Overall, the similar distance pattern between the different phages and hosts obtained when calculating either the CU or the NU implied that the CU profiles correlate with the nucleotide composition of the entire genomes. To further confirm this relationship, we plotted the normalized NU and CU distances of all phage–host pairs studied, each point representing the NU and CU distances of a single pair. Consistent with the ED analyses, we found a significant linear correlation between the CU- and NU-based distances (Supplementary Figure S2) with R2 of 0.97, further confirming the close relationship between these two properties in cyanobacteria and their phages.

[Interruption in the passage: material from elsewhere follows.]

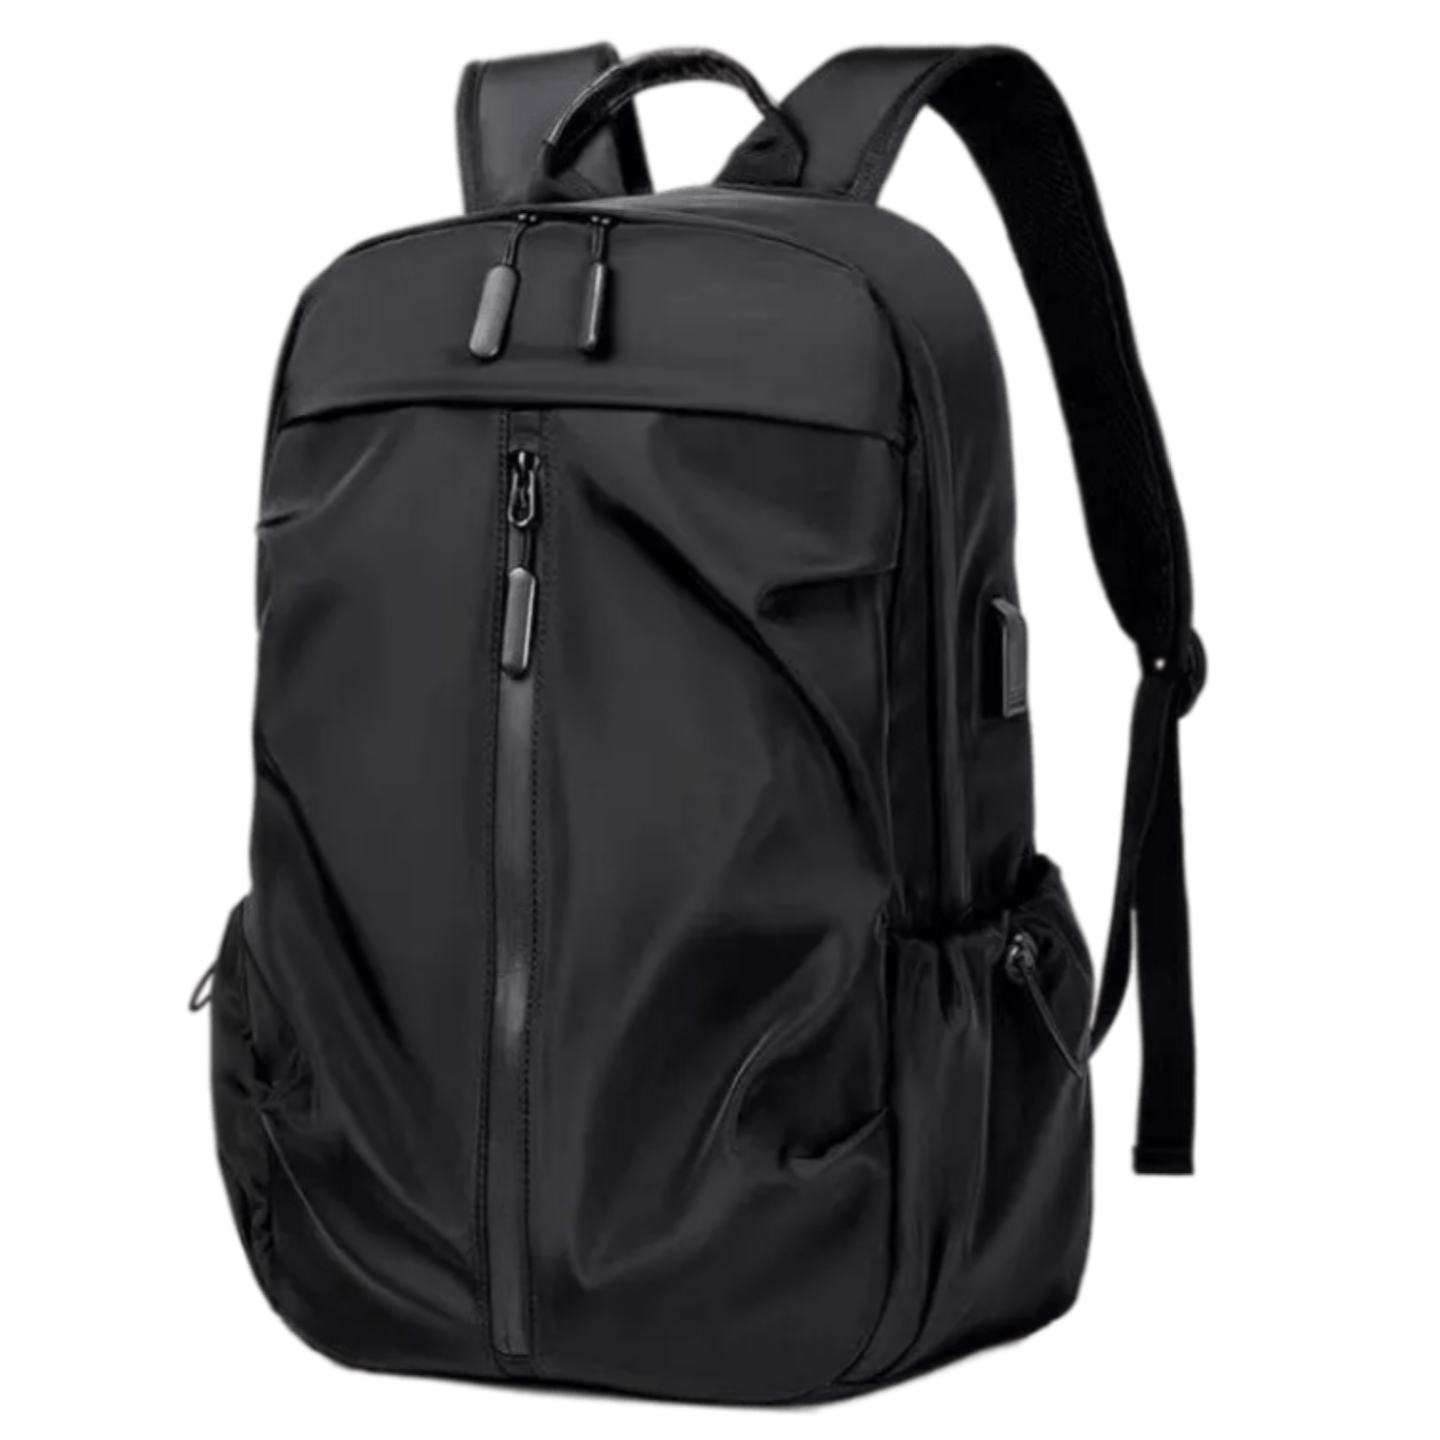 Рюкзак мужской Lavrika BPUSB черный, 45x32x2 см

Codons complementary to phage tRNAs are used at high frequencies in phage genomes
From the above results, we may infer that the low G+C content of cyanomyophage genomes may shape the codon selection pattern of the phages. We further examined whether the anticodons of the tRNAs carried by the different phages are preferentially AT-rich, therefore enabling Watson–Crick pairing with the AT-rich codons of the phages. Indeed, we found that overall, the anticodons of phage tRNAs are AT-rich with an average G+C content of 31.5% (±5.2%) for all phages included in this study compared with 54.45% (±2.03%) in cyanobacterial anticodons. We also found that in 10 of the 12 viral tRNA genes, the anticodon can form Watson-Crick pairing with the lowest %GC codon coding for the given amino acid (AA) (Figure 2).

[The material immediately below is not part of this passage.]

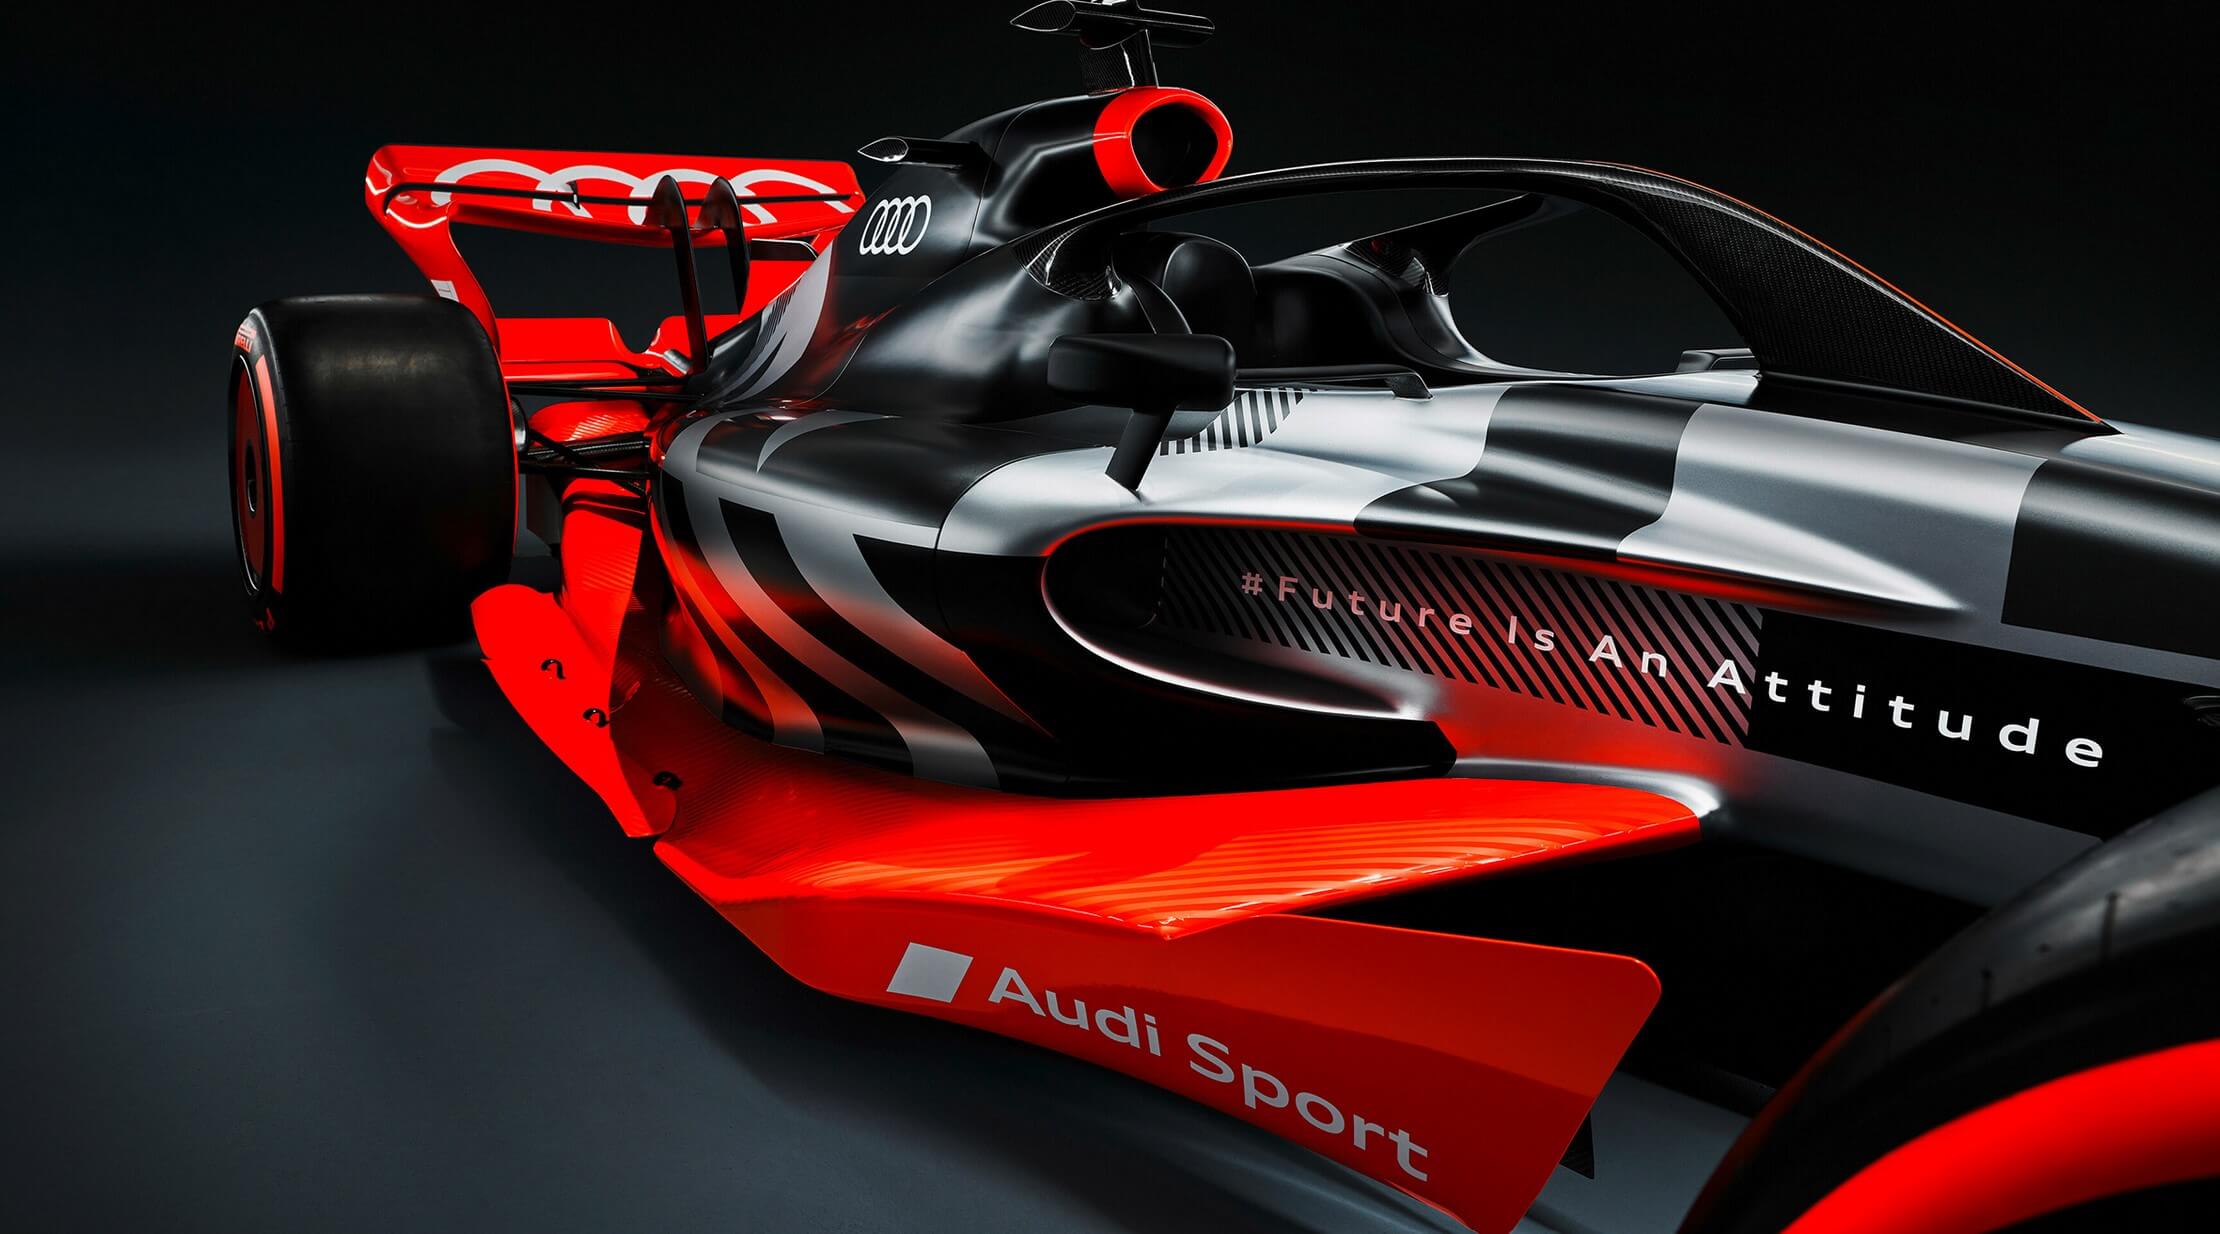 aria-label="Audi F1 team 2026 concept 4"

Further, we examined which codons are used at similar frequencies in the phage and host genomes, and which codons are preferred in one genome and avoided in the other. To answer this question, the codon frequencies of each phage genome were plotted against the codon frequencies of its host. This procedure was repeated for phages infecting multiple hosts, each time plotting the phage codon frequencies against the codon frequencies of one host. Overall, we found that for phages infecting a Synechococcus host, the plots are highly scattered (for example, Figures 3c and d), meaning that the phage and host genomes tend to use different codons. For phages infecting Prochlorococcus hosts, the degree of scattering varied, depending on the difference in G+C content between the two genomes (for example, Figures 3a and b). Notably, the frequencies of the codons that pair fully with the phage tRNAs (red triangles in Figure 3) are preferred in phages but are hardly used by the Synechococcus hosts. In Prochlorococcus hosts (MIT9303 and MIT9313) having a G+C content of ∼50%, we observed a similar, although slightly smaller, codon bias. In pairs associated with a Prochlorococcus host having a lower G+C content, the phage tRNAs optimal codons were used at similar frequencies in both the phage and the host genomes (Figure 3a).

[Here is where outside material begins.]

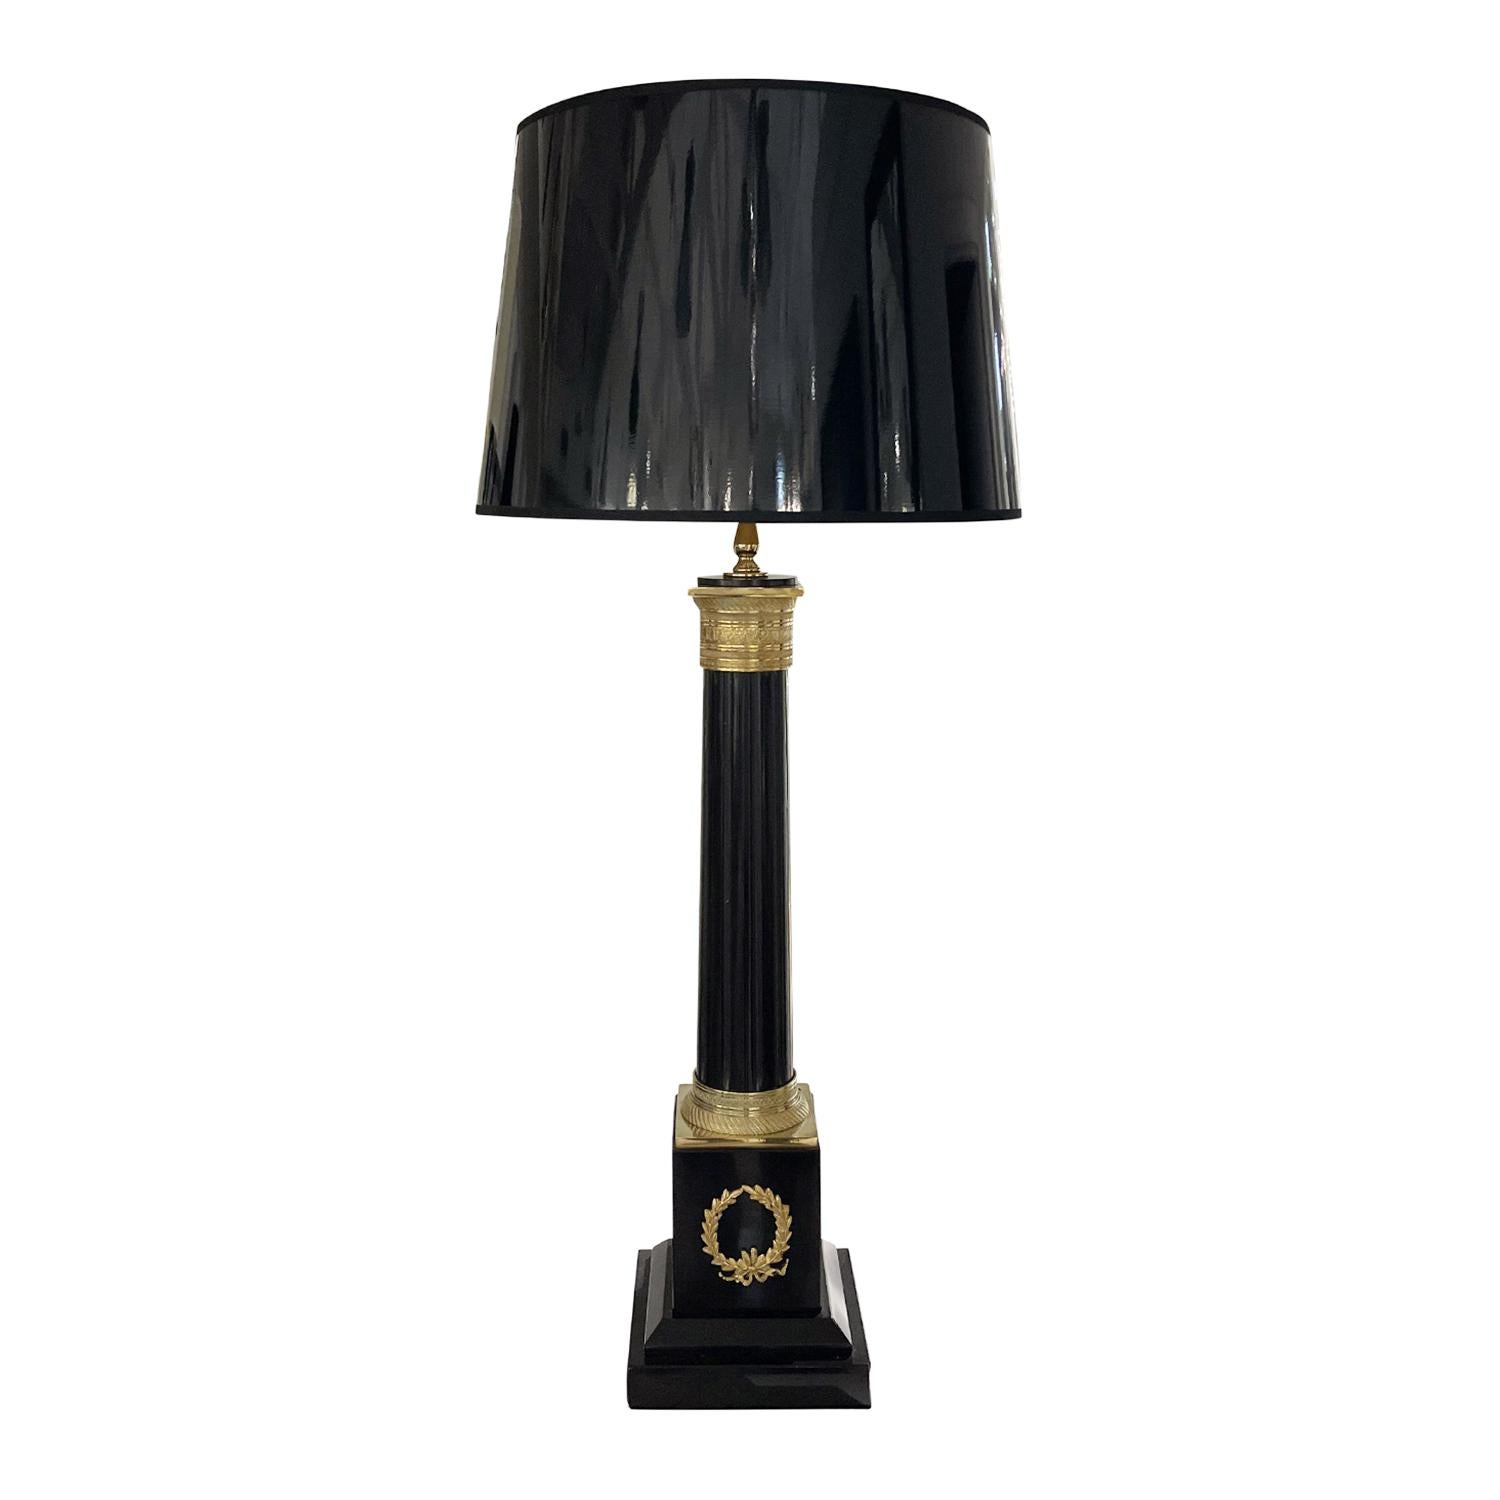 Ein schwarzes, französisches Paar großer Tischlampen aus handgefertigtem Marmor mit einem neuen runden Schirm, in gutem Zustand. Sie bestehen aus einem Originalschalter mit vergoldetem Bronzedekor und einer Steckdose für eine Lampe. Die Pariser

AAs decoded by phage tRNAs are not preferred in phage genomes
On the basis of our initial results, we hypothesized that the presence of AT-rich tRNA genes in cyanomyophage genomes have an adaptive role by enhancing the translation of phage genes when infecting hosts with high G+C content. However, the presence of a specific set of tRNA genes in phages could also be interpreted as a selective pressure at the protein level, that is, when AAs encoded by phage tRNAs appear at higher frequencies within phage proteomes relative to their host proteome. To test which of the two conjectures could explain the existence of phage tRNAs, we compared the phage tCC preference (in phage and host genomes) with the preference for the AAs they code for. The frequency of each tCC within the phage genome was divided by the frequency of the tCC in the host genome. Consequently, the tCC ratio was divided by the corresponding AA frequency. Our results clearly show that whereas phage tCCs are generally used at higher frequencies in phage genomes, the AAs they code for are not more commonly used in these phages. An example of the comparison between the phage tCC preference (in phage and host genomes) and the preference for AAs they code for is shown for cyanophage Syn19 in Supplementary Figure S3. These results refute the hypothesis that phage tRNA presence may be explained by the AA bias in the phage proteomes.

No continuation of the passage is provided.